Background: My son is turning 18 in a few weeks. He is a the product of a ONS with a woman that I married - but to be completely honest, I was just getting laid, ended up thinking "what the hell, I'll take her out for while" - because I have to admit, I like having sex with her. Also, my son is a senior in high school, fairly intelligent (scored in the low 90 percentile the ACT test), but admittedly screwed up his first two years in high school from a grades perspective.
His mother (my xwife) is constantly in his ear about colleges, jobs, degrees, etc. and so on. She always has "was talking to a friend..." about something - and it usually is about what he should do with his life.
Now, to the point of the story...
We were talking the other day and he brought something up that his mother had said about "his future" and what he should pursue from a degree perspective. And I just made a simple statement...
"consider the source before you take career advice from someone"
I wasn't telling him not to listen, what I was saying was this...his mother didn't go to college, has not had a full time job in 18 years, depends on me to support her life, and in general, has not achieved much in her life. I give her this, we have beautiful kids and they are super intelligent - but she doesn't really "know" anything about how the business world works, let alone what our son should do in his life. One other thing I will give her...she is really good at networking, social media and creating "connections", which has not helped her much, but she is really good at it.
I told him to love what he does. Don't focus solely on money.

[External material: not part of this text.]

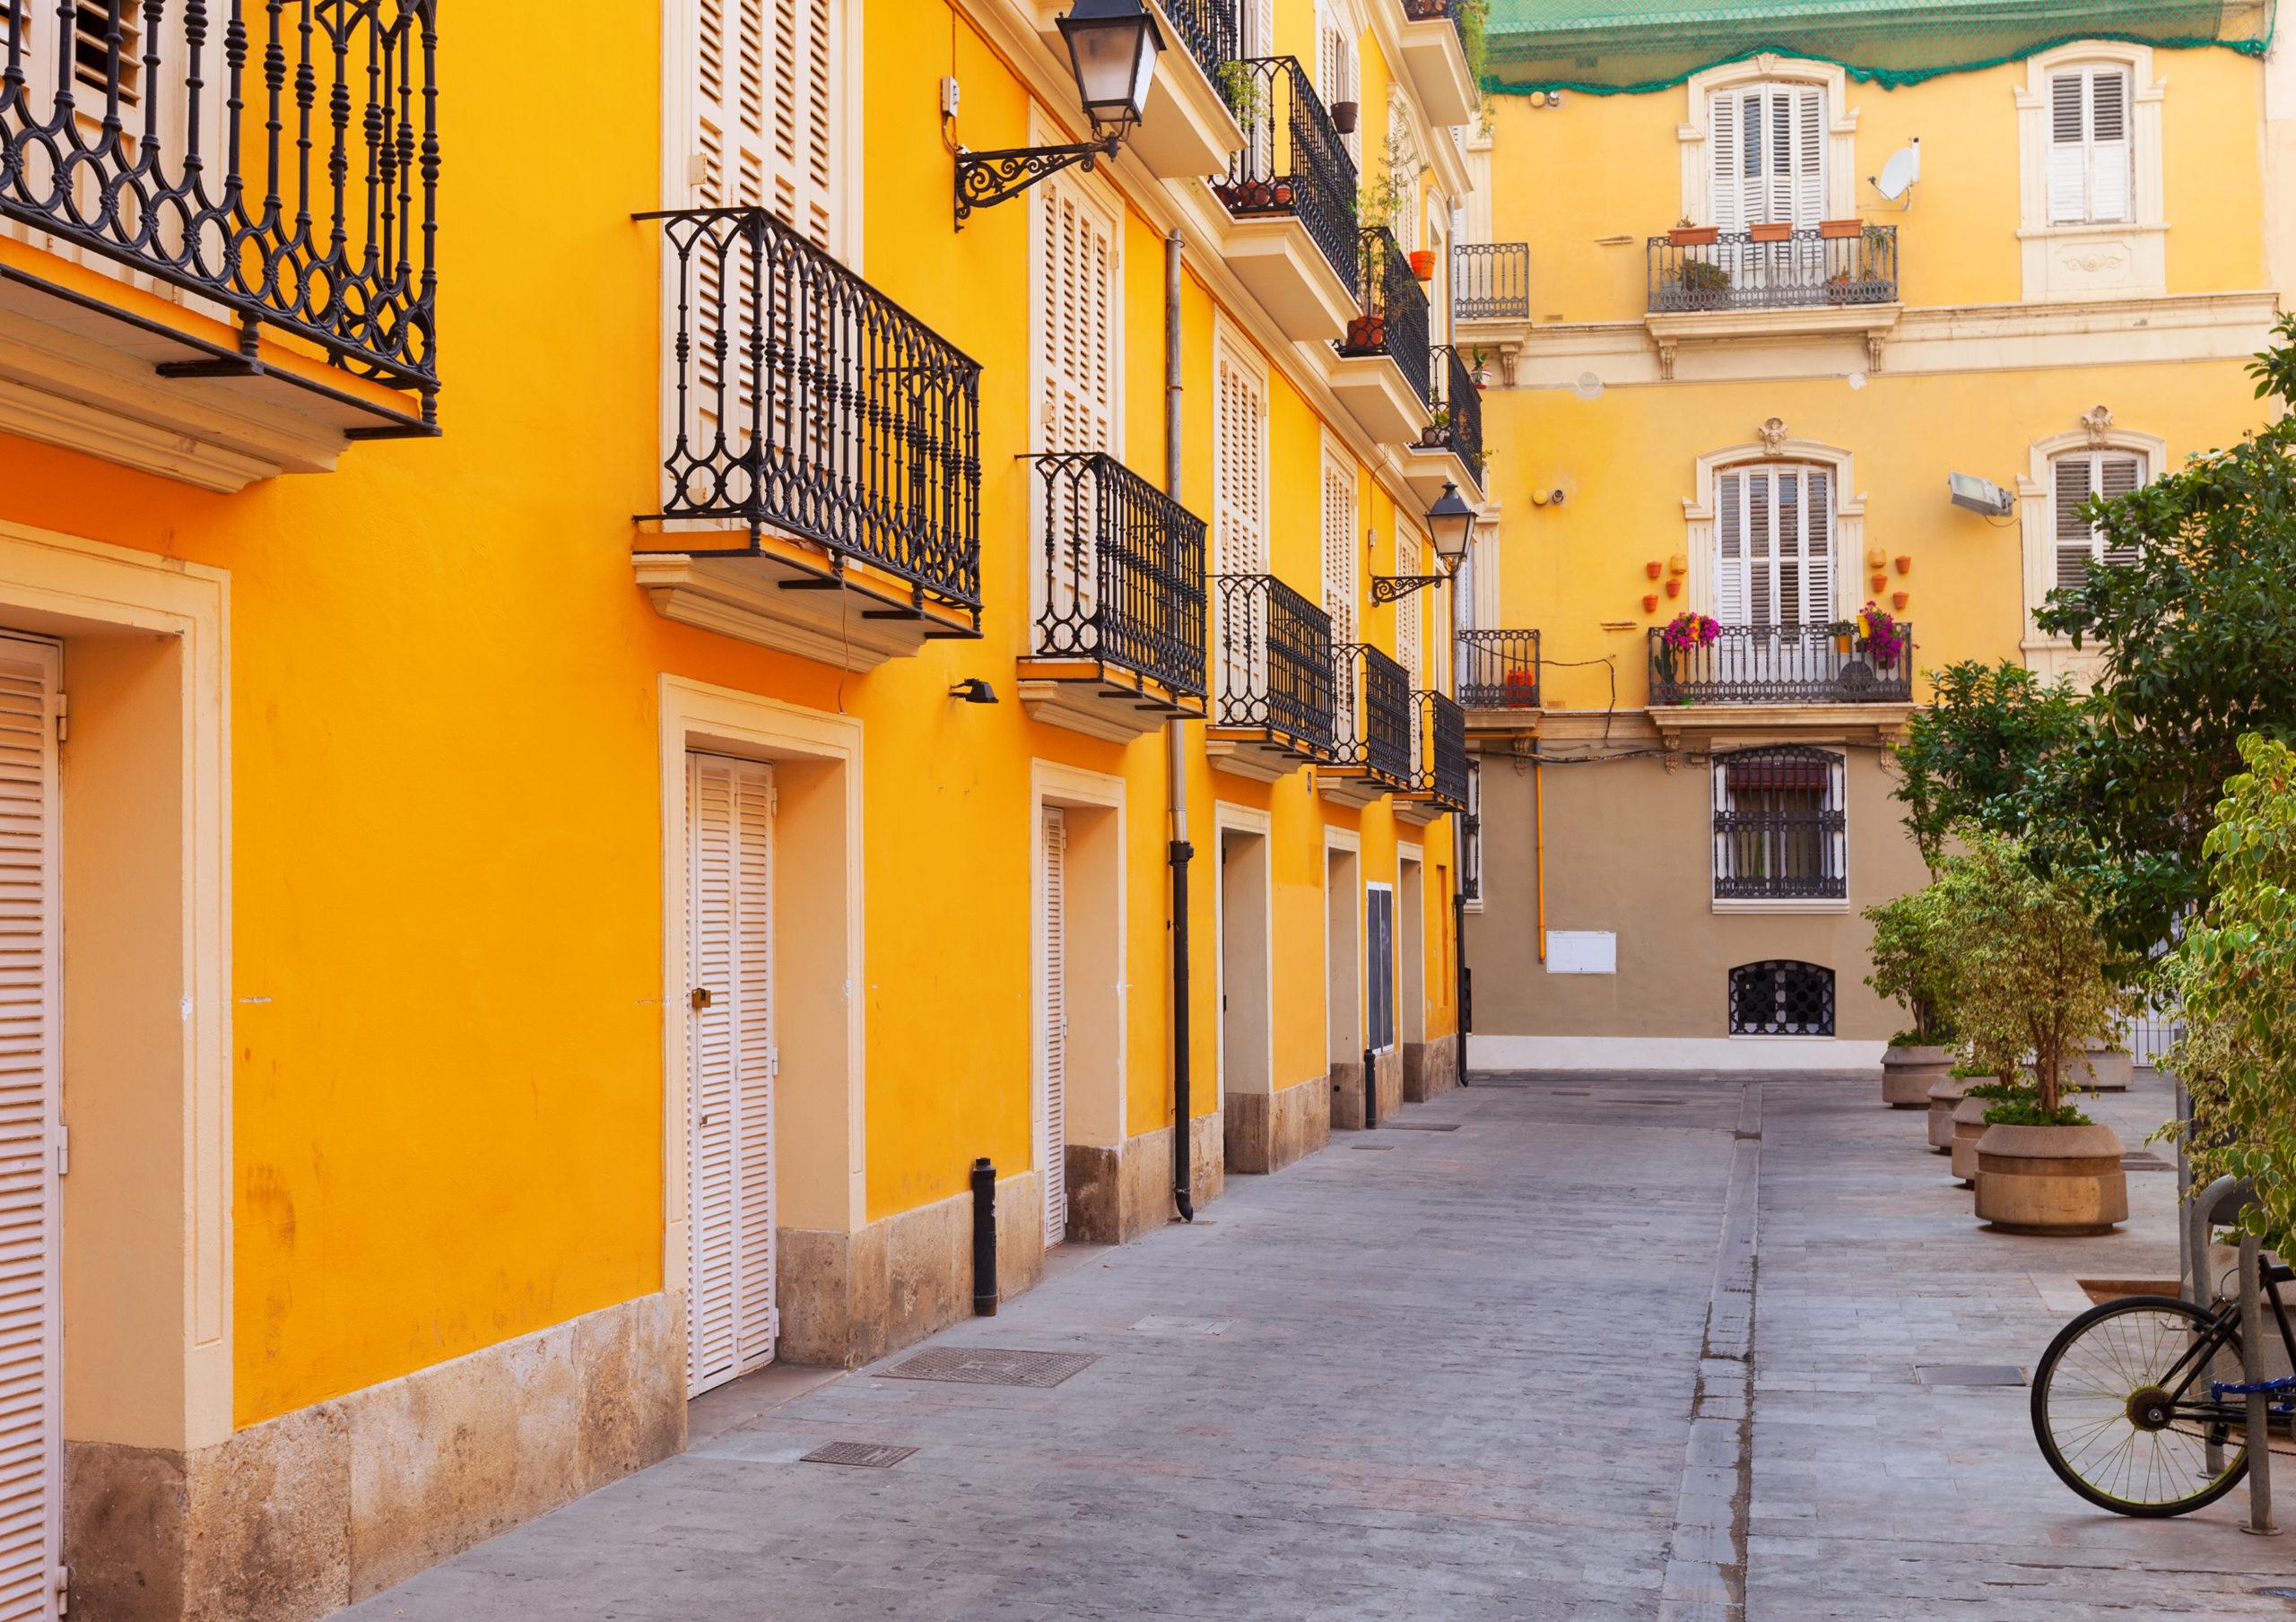 courtyard in spanish city. Valencia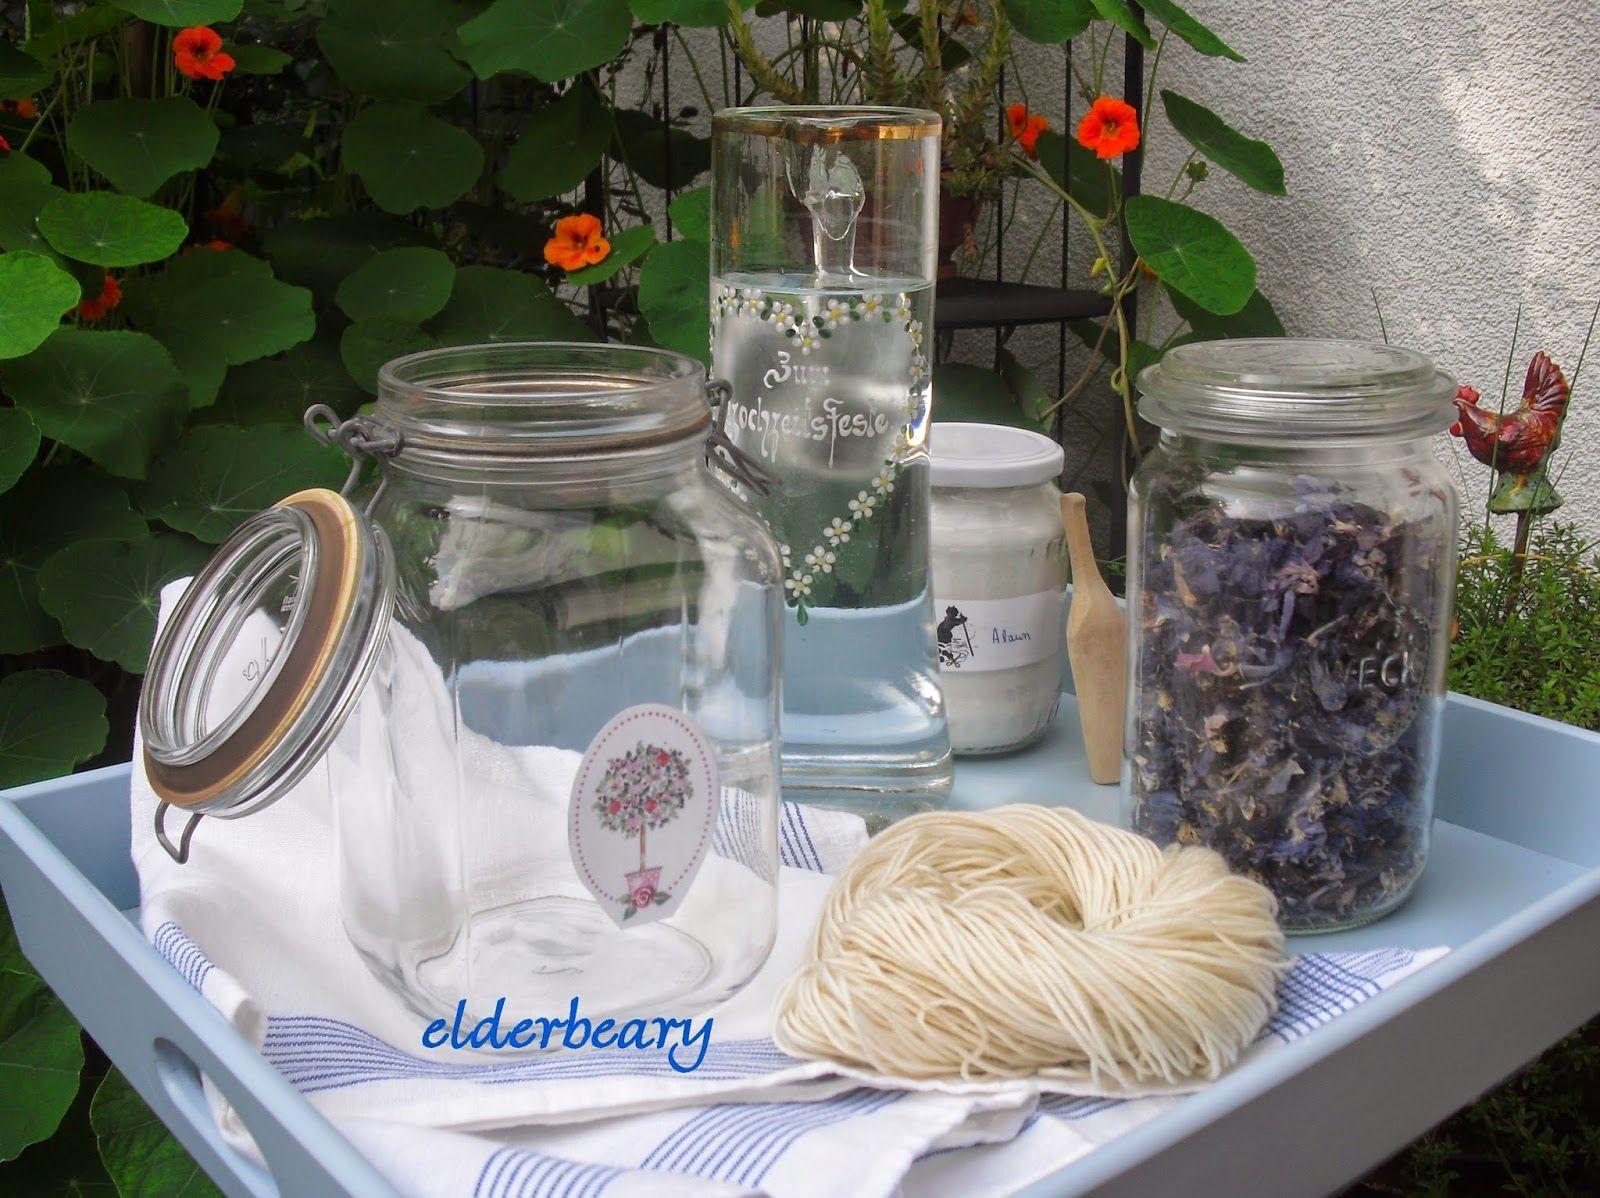 Solar dyeing with columbine flowers (Aquilegia vulgaris)

That it's his life, not mine, not his mother's - he is only one that will give a shit in 50 years because more than likely, neither of us will be alive. He will be the one that has look back and decide if he made the most of it - not me, not his mother. So, it's time for him to start taking full responsibility for his decisions, his actions and the direction of his life. He may choose a path that I wouldn't choose, but at the end of the day, going his own way is the only thing he can do.
So, I'm coaching him, she's telling him "what to do" - that seems to be the primary difference here - the problem is - she has no basis for any of it.
Stay strong Brothers. Live, Learn, Lead.